1

Any help will be appreciated.

I need to extract data from websites and found that node-unfluff does the job (see https://github.com/ageitgey/node-unfluff). There is two ways to call this module.

First, from command line which works! Second, from node js which doesn't work.

extractor = require('unfluff');
data = extractor('test.html');
console.log(data);

Output : {"title":"","lang":null,"tags":[],"image":null,"videos":[],"text":""}

The data returns an empty json object. It appears like it cannot read the test.html.

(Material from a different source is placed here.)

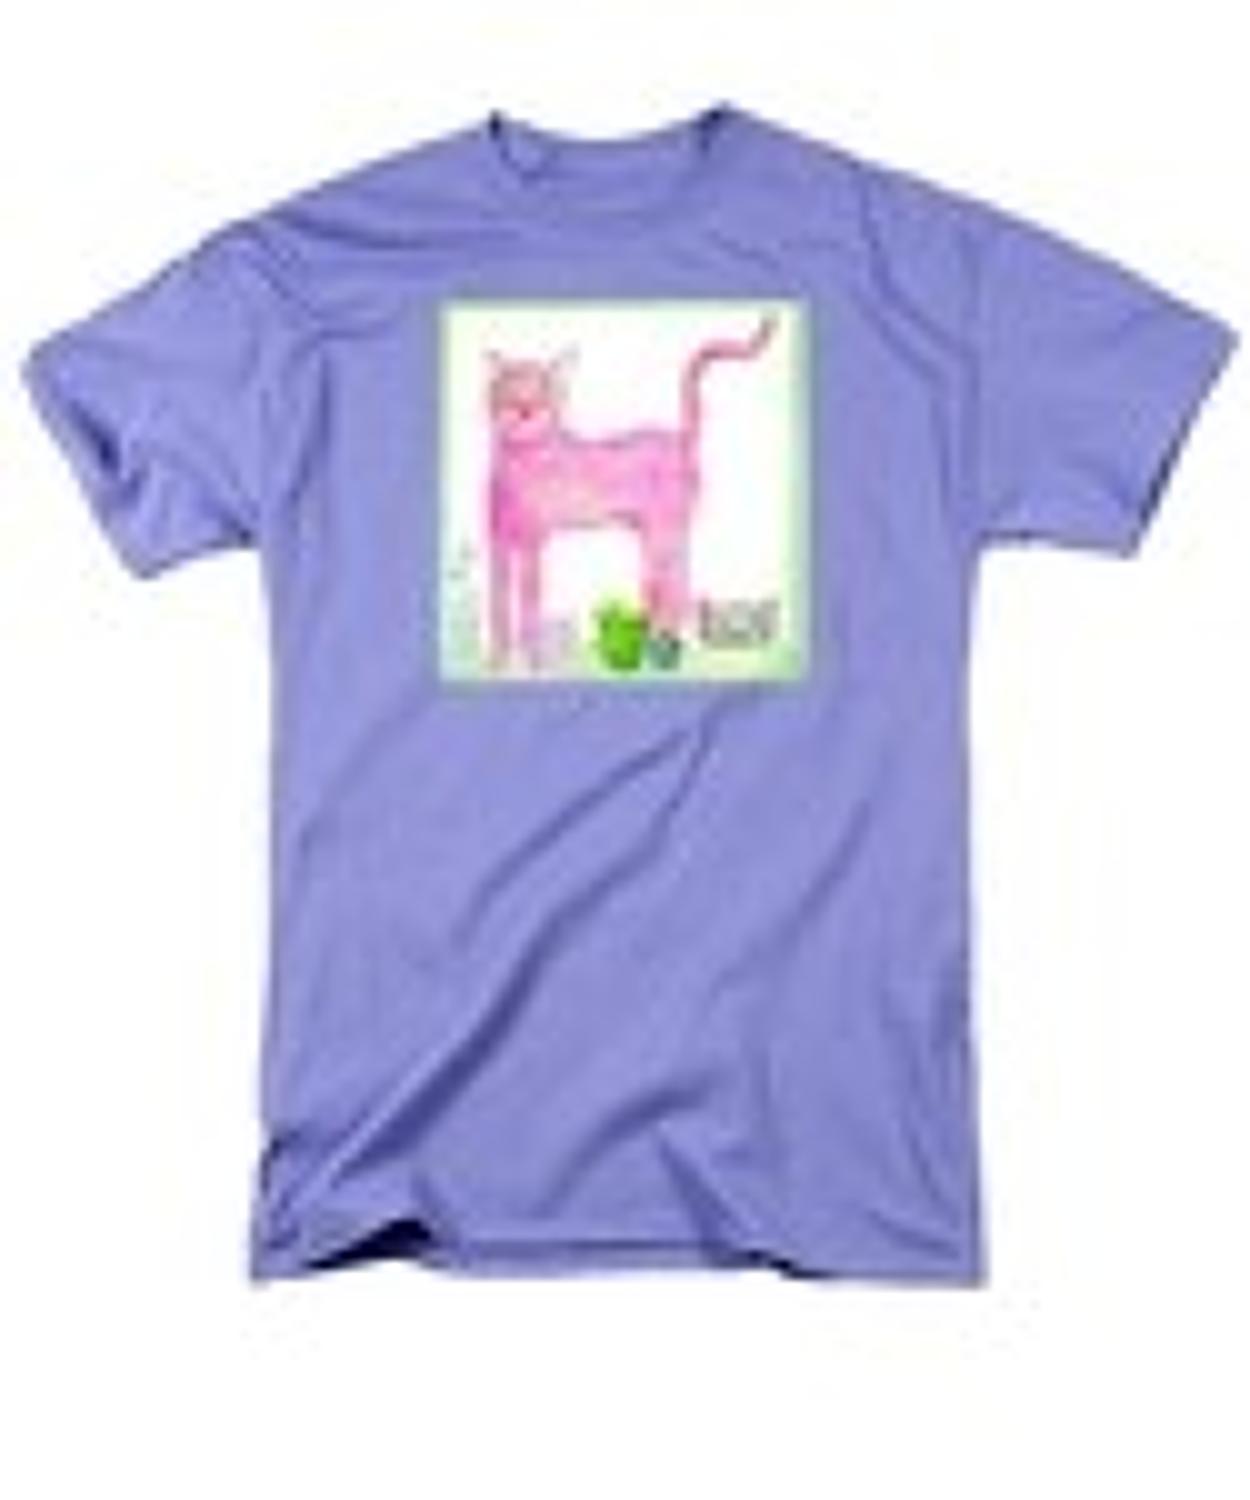 P ink ee cat t-shirt

It seems like it doesn't recognise test.html. The example says, "my html data", is there a way to get html data ? Thanks.

loganfsmyth
  • 156,129
  • 30
  • 331
  • 251
Zizi
  • 51
  • 5

1 Answers1

1

From the docs of unfluff:

extractor(html, language)

html: The html you want to parse

language (optional): The document's two-letter language code. This will be auto-detected as best as possible, but there might be cases where you want to override it.

You are passing a filename, and it expects the actual HTML of the file to be passed in.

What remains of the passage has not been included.